Prompt →
For the data below, retype word for word the lines from the one containing "Mens Nike Air" through the one containing "First Generation AirPods Pro"; drop the pictures.

Listed records →
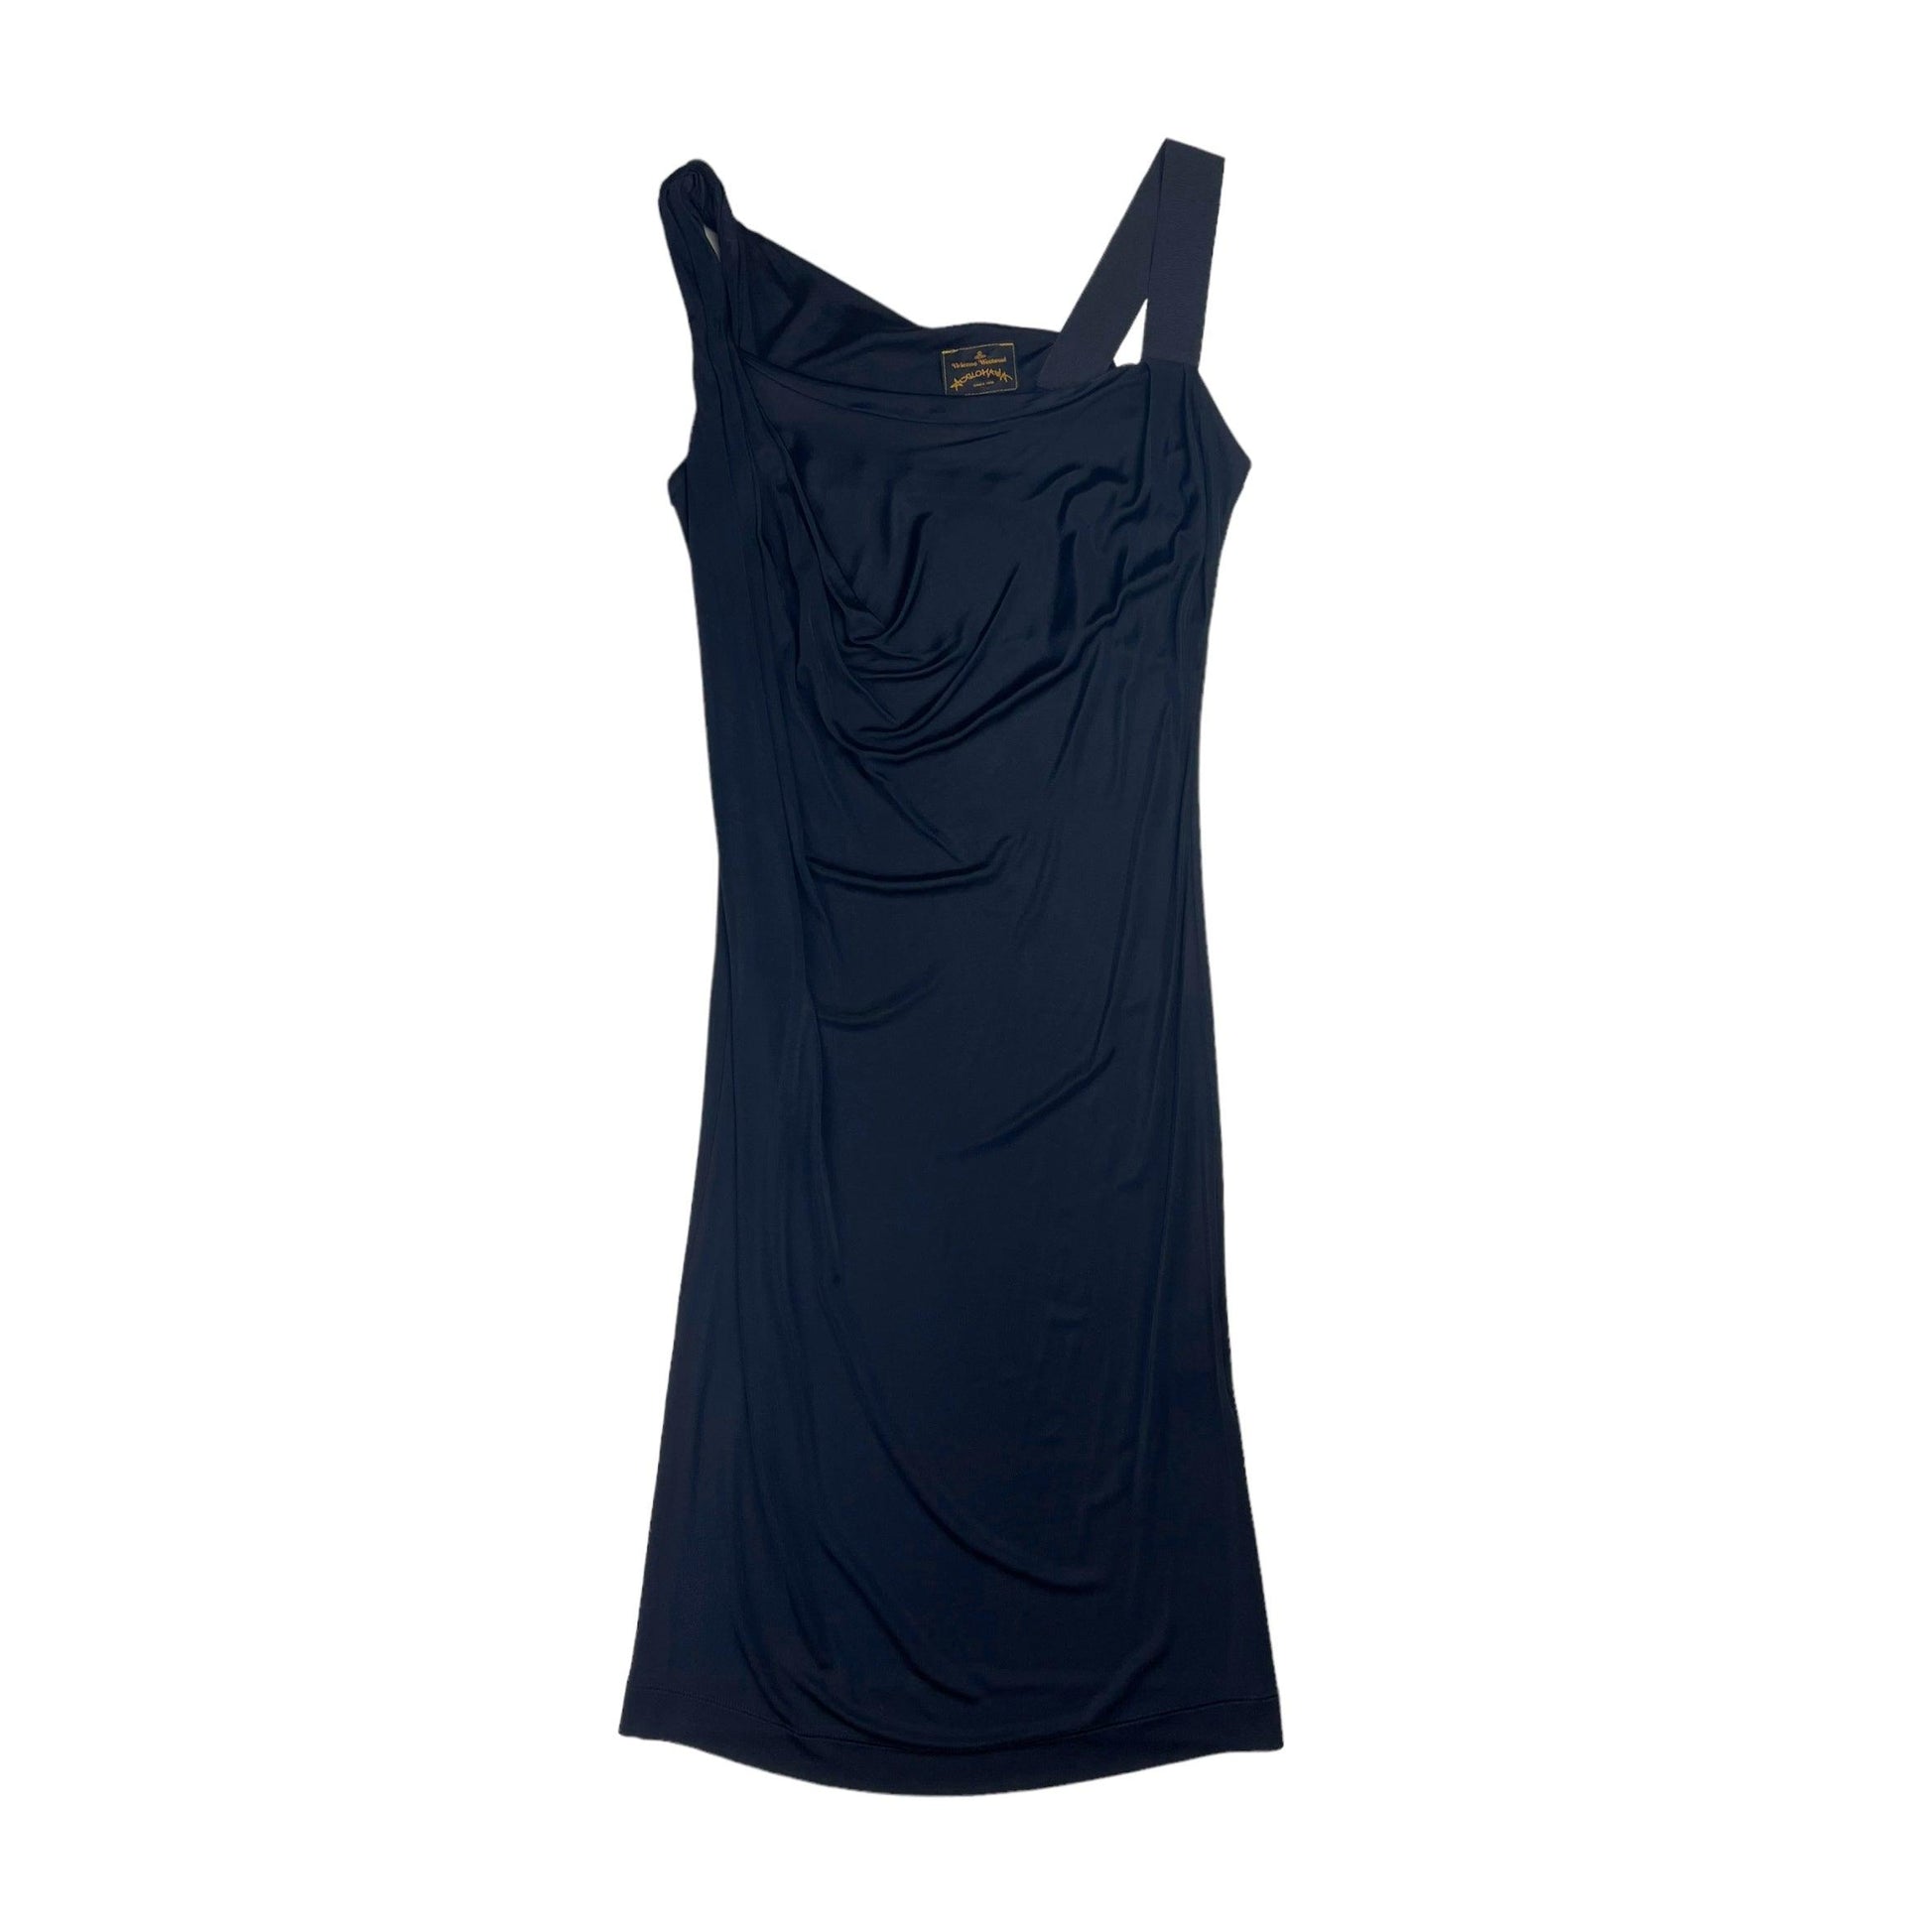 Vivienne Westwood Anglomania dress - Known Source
...
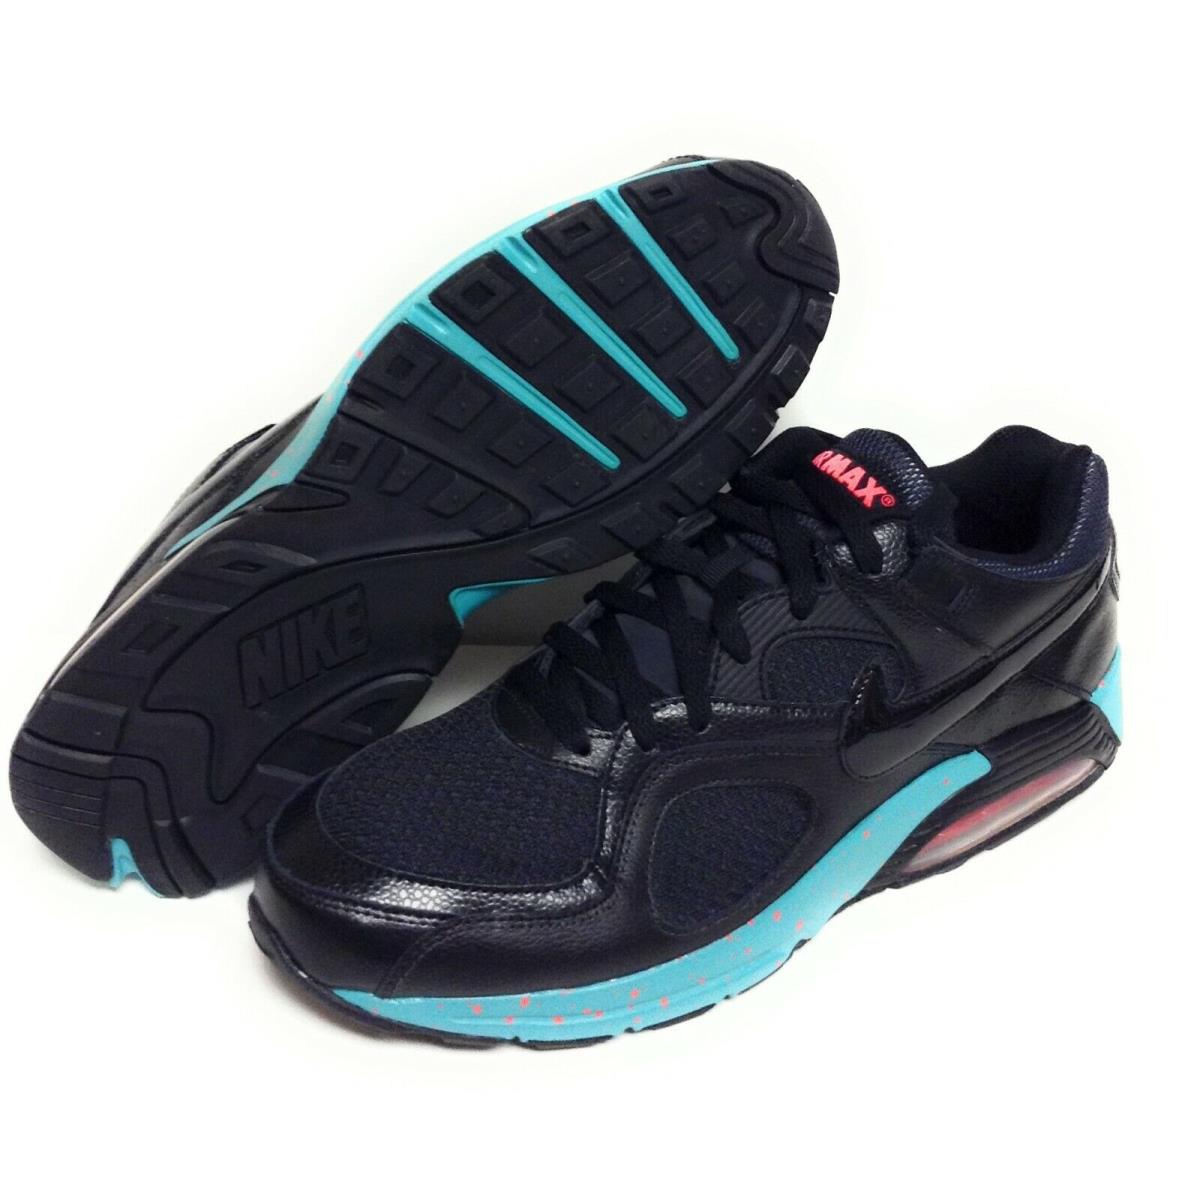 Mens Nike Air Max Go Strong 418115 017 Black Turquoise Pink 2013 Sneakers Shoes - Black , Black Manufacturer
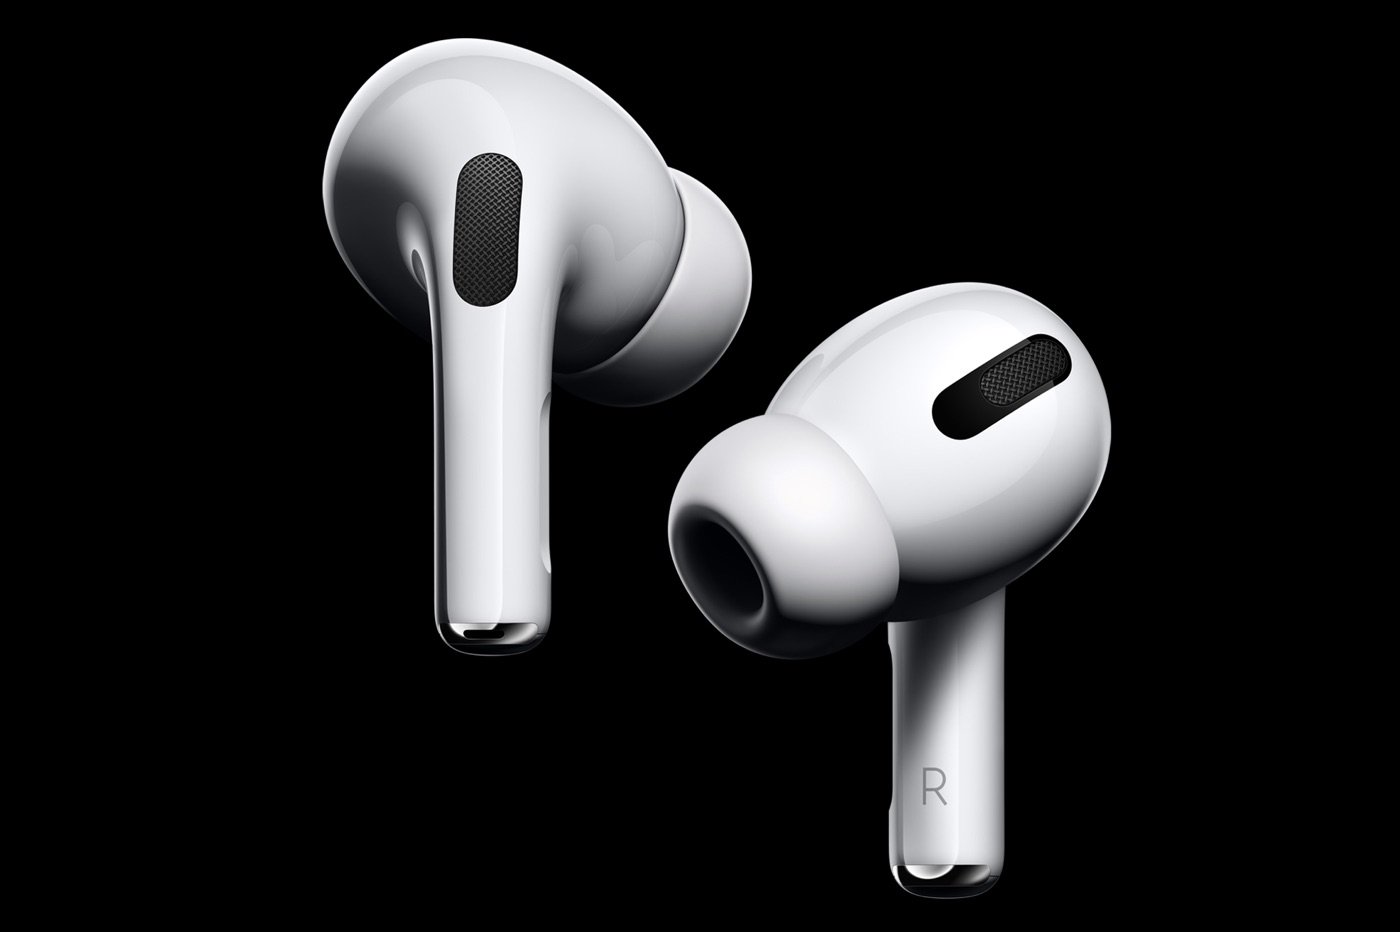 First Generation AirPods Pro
* * *
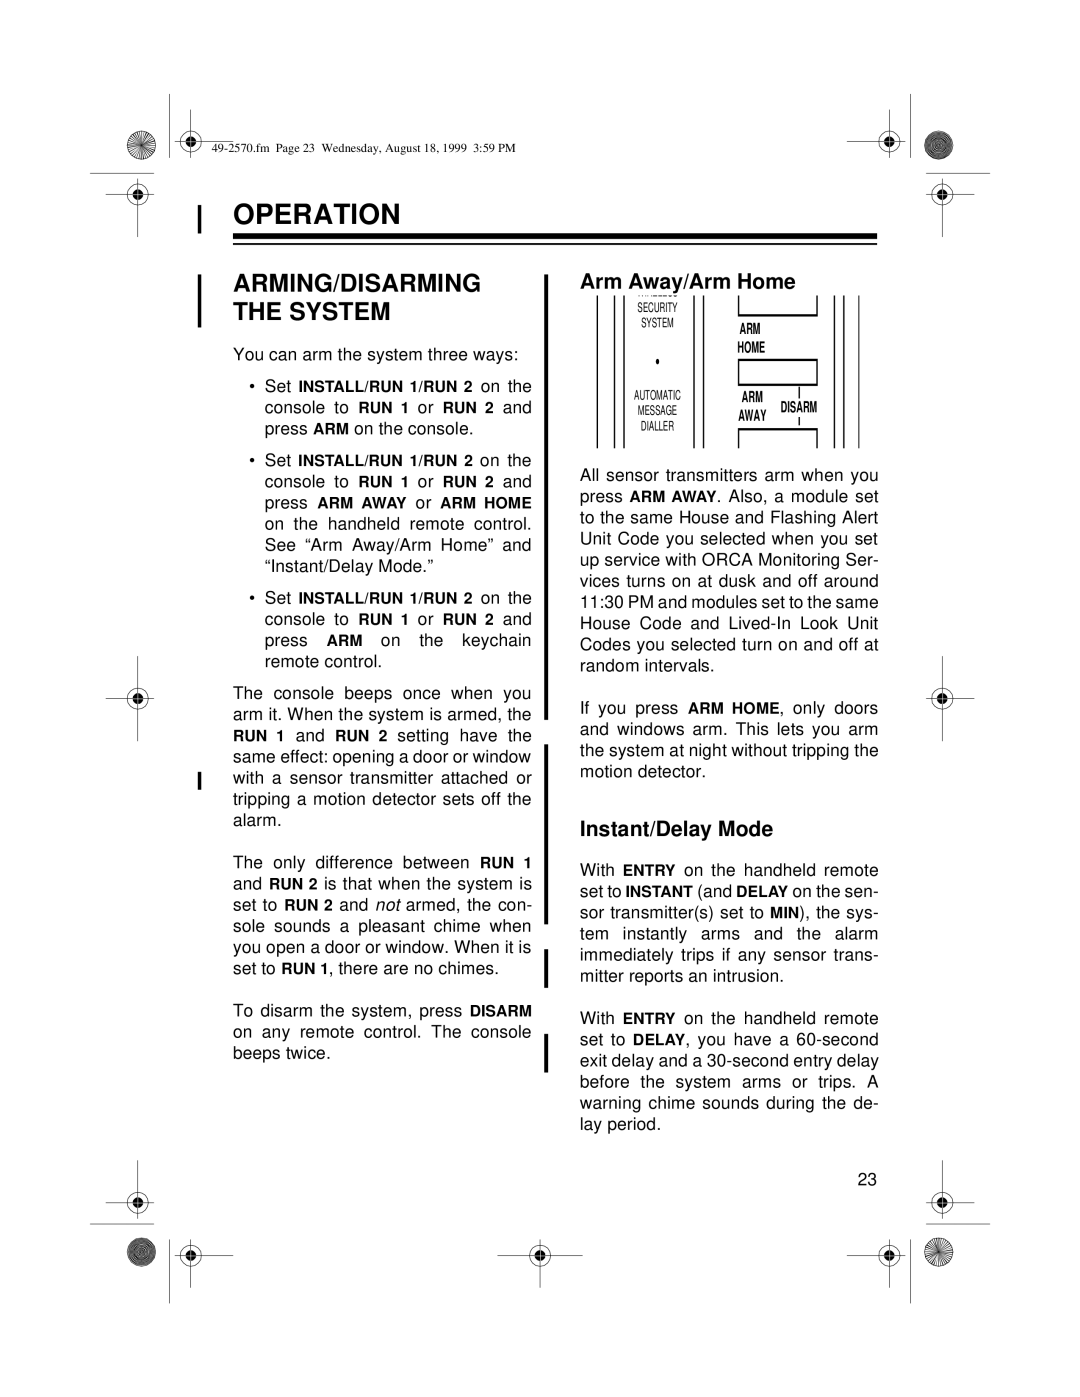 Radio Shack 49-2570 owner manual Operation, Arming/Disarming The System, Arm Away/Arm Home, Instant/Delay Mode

Solved exercise →
 Mens Nike Air Max Go Strong 418115 017 Black Turquoise Pink 2013 Sneakers Shoes - Black , Black Manufacturer
 First Generation AirPods Pro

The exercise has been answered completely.